* **What is being asked**:
Exactly as written, output each of the lines below, with no images.

* **Information provided**:
● ● ● ●
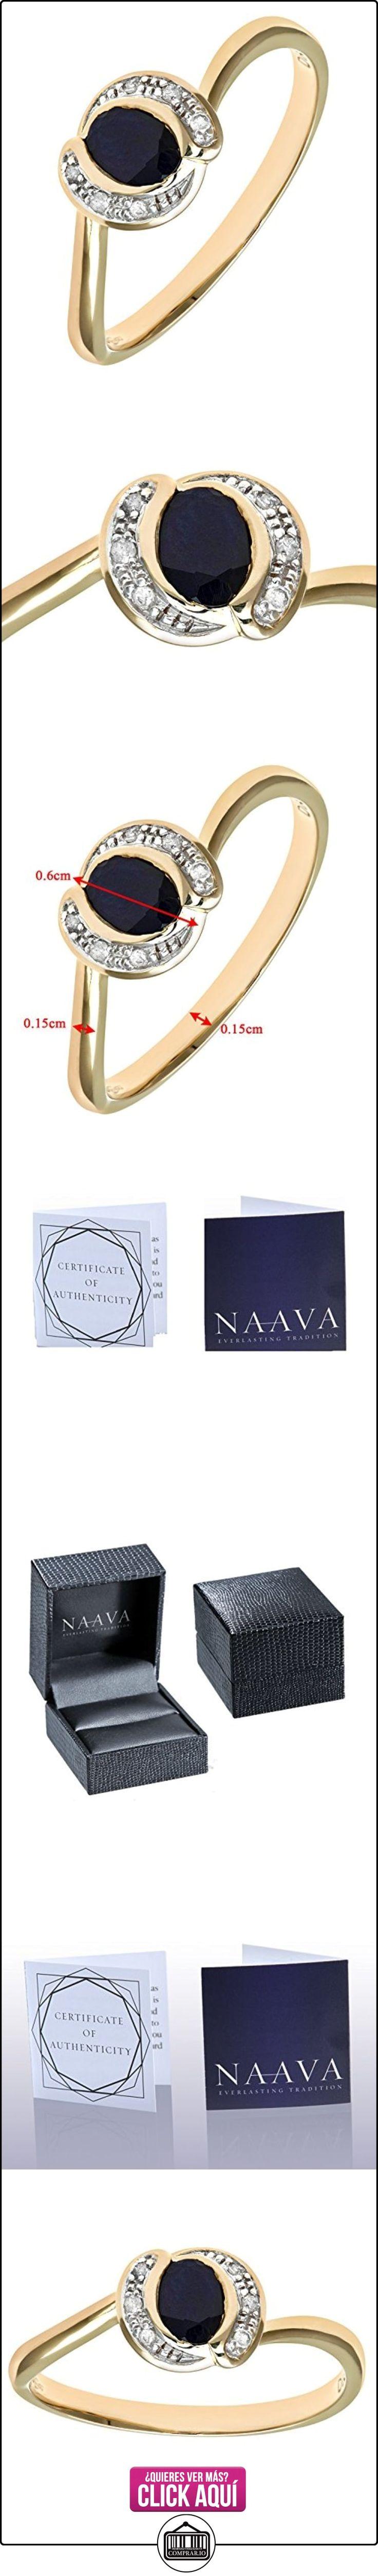 Naava PR08989SA(P) - Anillo de mujer de oro amarillo (9k) con diamantes y zafiros (talla: 16.5)  ✿ Joyas para mujer - Las mejores ofertas ✿ ▬► Ver oferta: https://comprar.io/goto/B00403MEJI
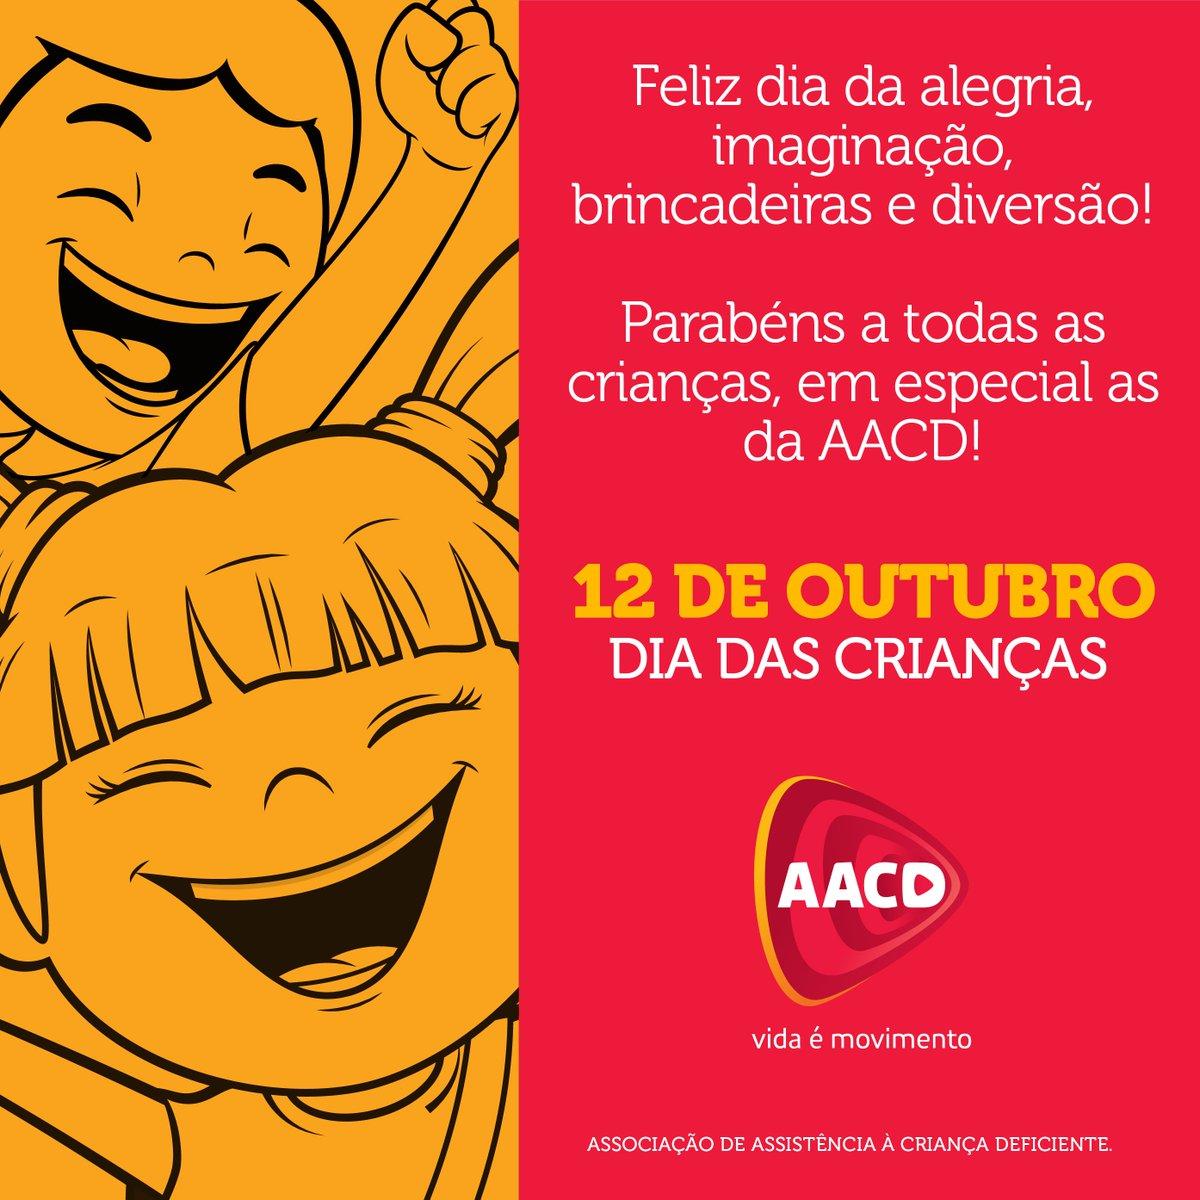 Nossa homenagem para todas as crianças do Brasil ! :) https://t.co/YurXrCUwuU
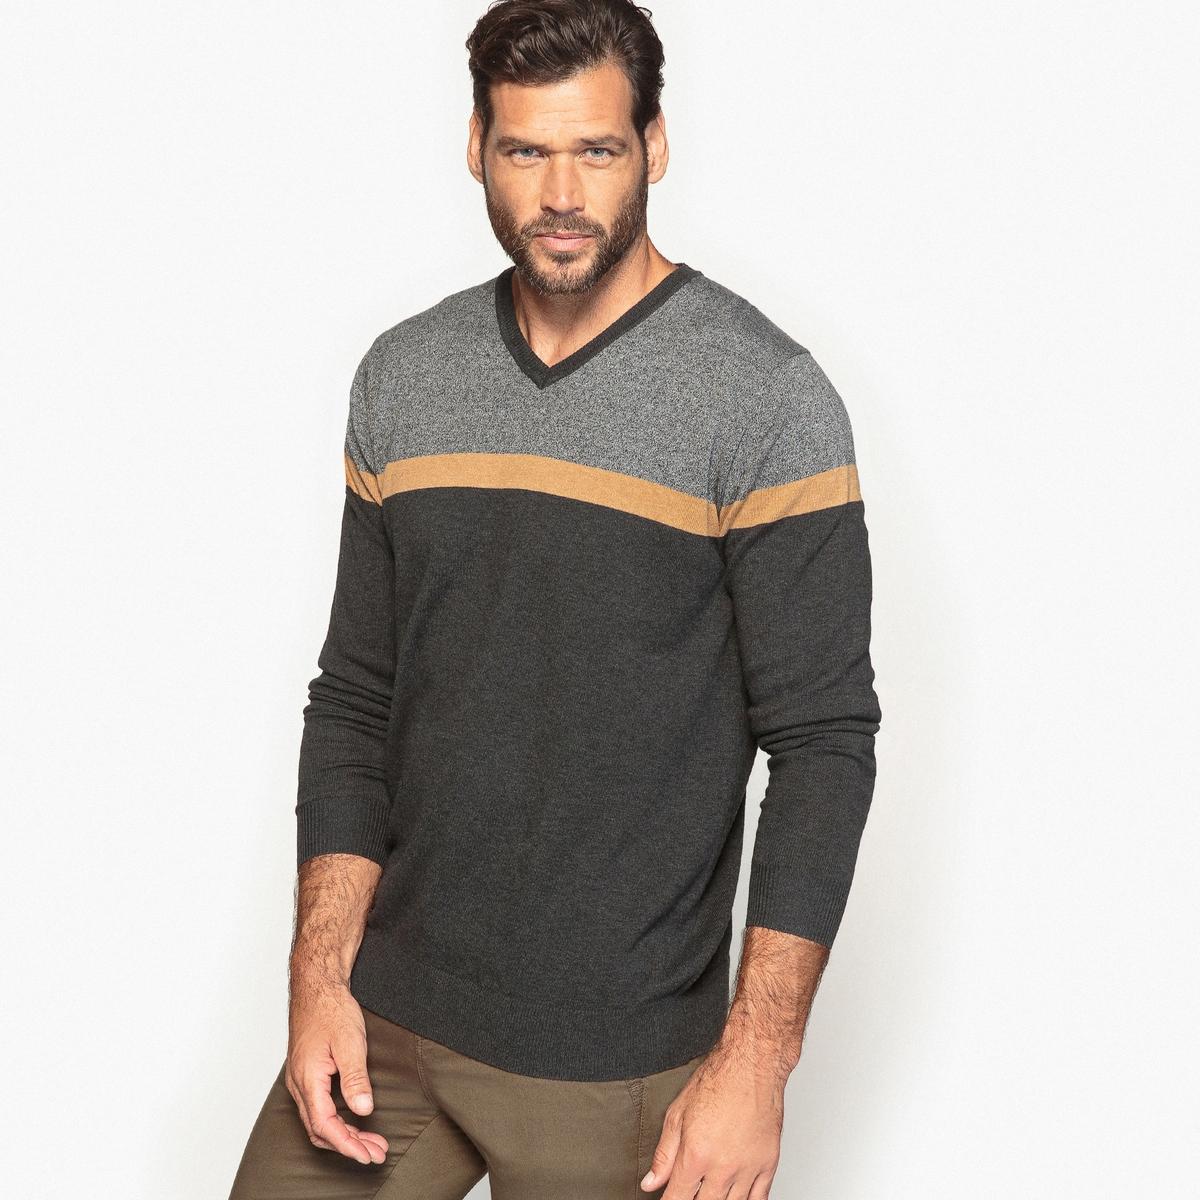 Пуловер с V-образным вырезомОписание:Оригинальный пуловер с V-образным вырезом в стиле  color block. Графичный пуловер с V-образным вырезом легко подойдет к любому наряду.Детали   •  Длинные рукава •   V-образный вырез •  Тонкий трикотаж Состав и уход   •  70% акрила, 30% хлопка •  Температура стирки 30° на деликатном режиме   •  Сухая чистка и отбеливание запрещены •  Сушить на горизонтальной поверхности •  Низкая температура глажкиТовар из коллекции больших размеров<br><br>Цвет: серый меланж/антрацит<br>Размер: 70/72.74/76.54/56
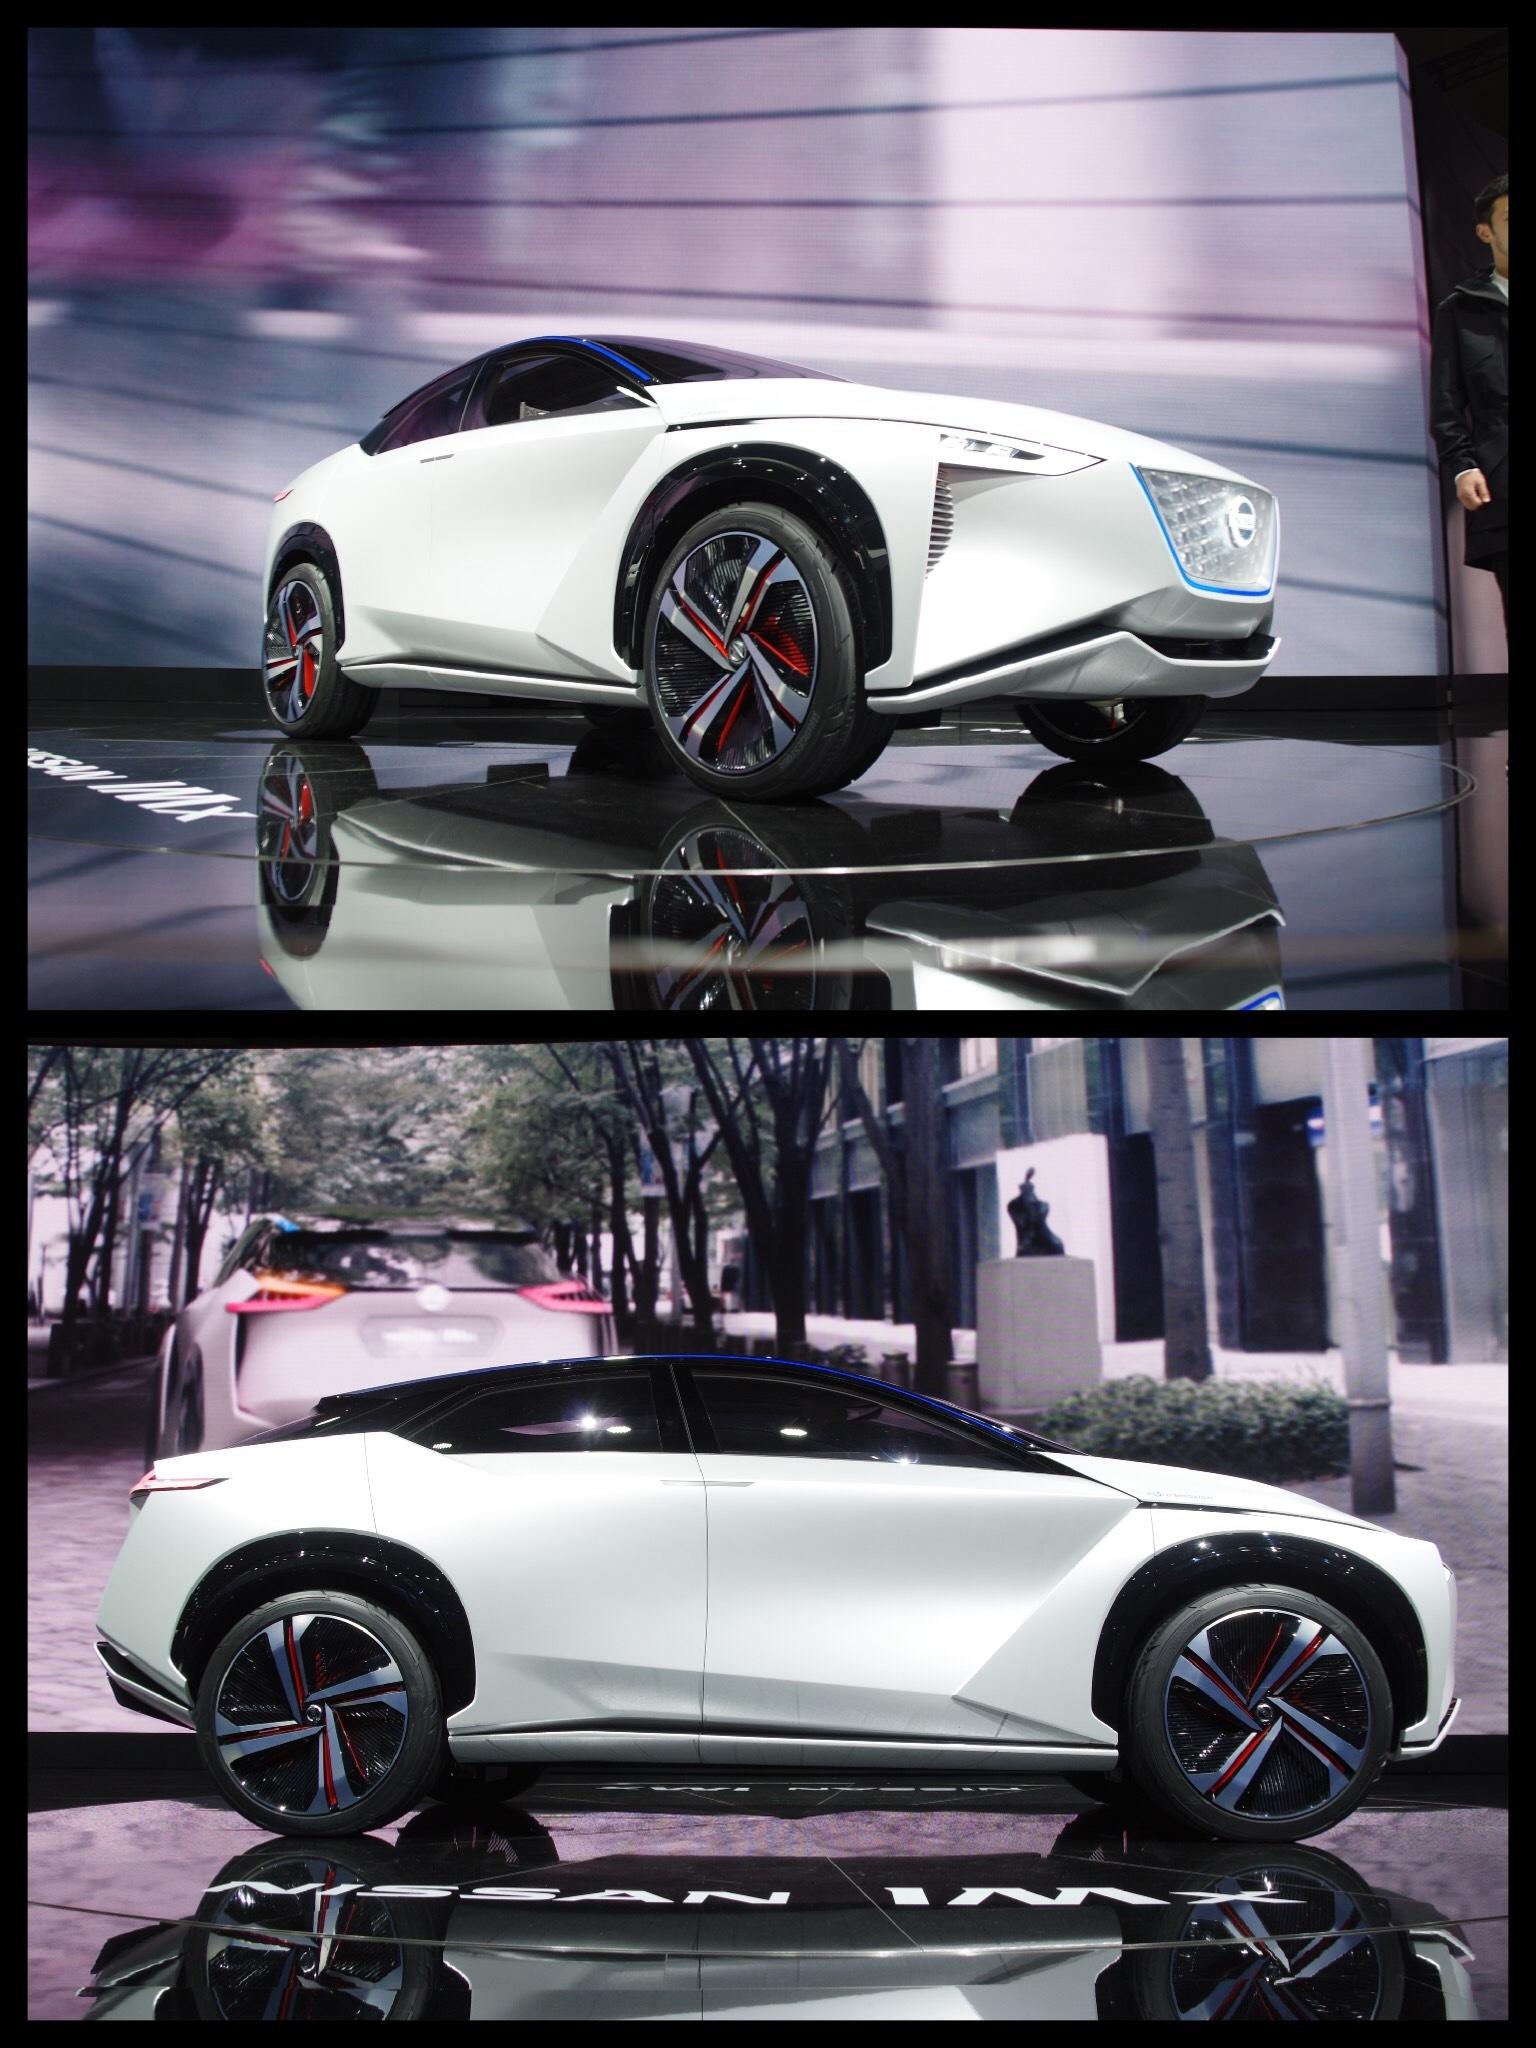 東京モーターショー2017 日産ブース NISSAN IMX CONCEPT
● ● ● ●
* **Response below**:
 Naava PR08989SA(P) - Anillo de mujer de oro amarillo (9k) con diamantes y zafiros (talla: 16.5)  ✿ Joyas para mujer - Las mejores ofertas ✿ ▬► Ver oferta: https://comprar.io/goto/B00403MEJI
 Nossa homenagem para todas as crianças do Brasil ! :) https://t.co/YurXrCUwuU
 Пуловер с V-образным вырезомОписание:Оригинальный пуловер с V-образным вырезом в стиле  color block. Графичный пуловер с V-образным вырезом легко подойдет к любому наряду.Детали   •  Длинные рукава •   V-образный вырез •  Тонкий трикотаж Состав и уход   •  70% акрила, 30% хлопка •  Температура стирки 30° на деликатном режиме   •  Сухая чистка и отбеливание запрещены •  Сушить на горизонтальной поверхности •  Низкая температура глажкиТовар из коллекции больших размеров<br><br>Цвет: серый меланж/антрацит<br>Размер: 70/72.74/76.54/56
 東京モーターショー2017 日産ブース NISSAN IMX CONCEPT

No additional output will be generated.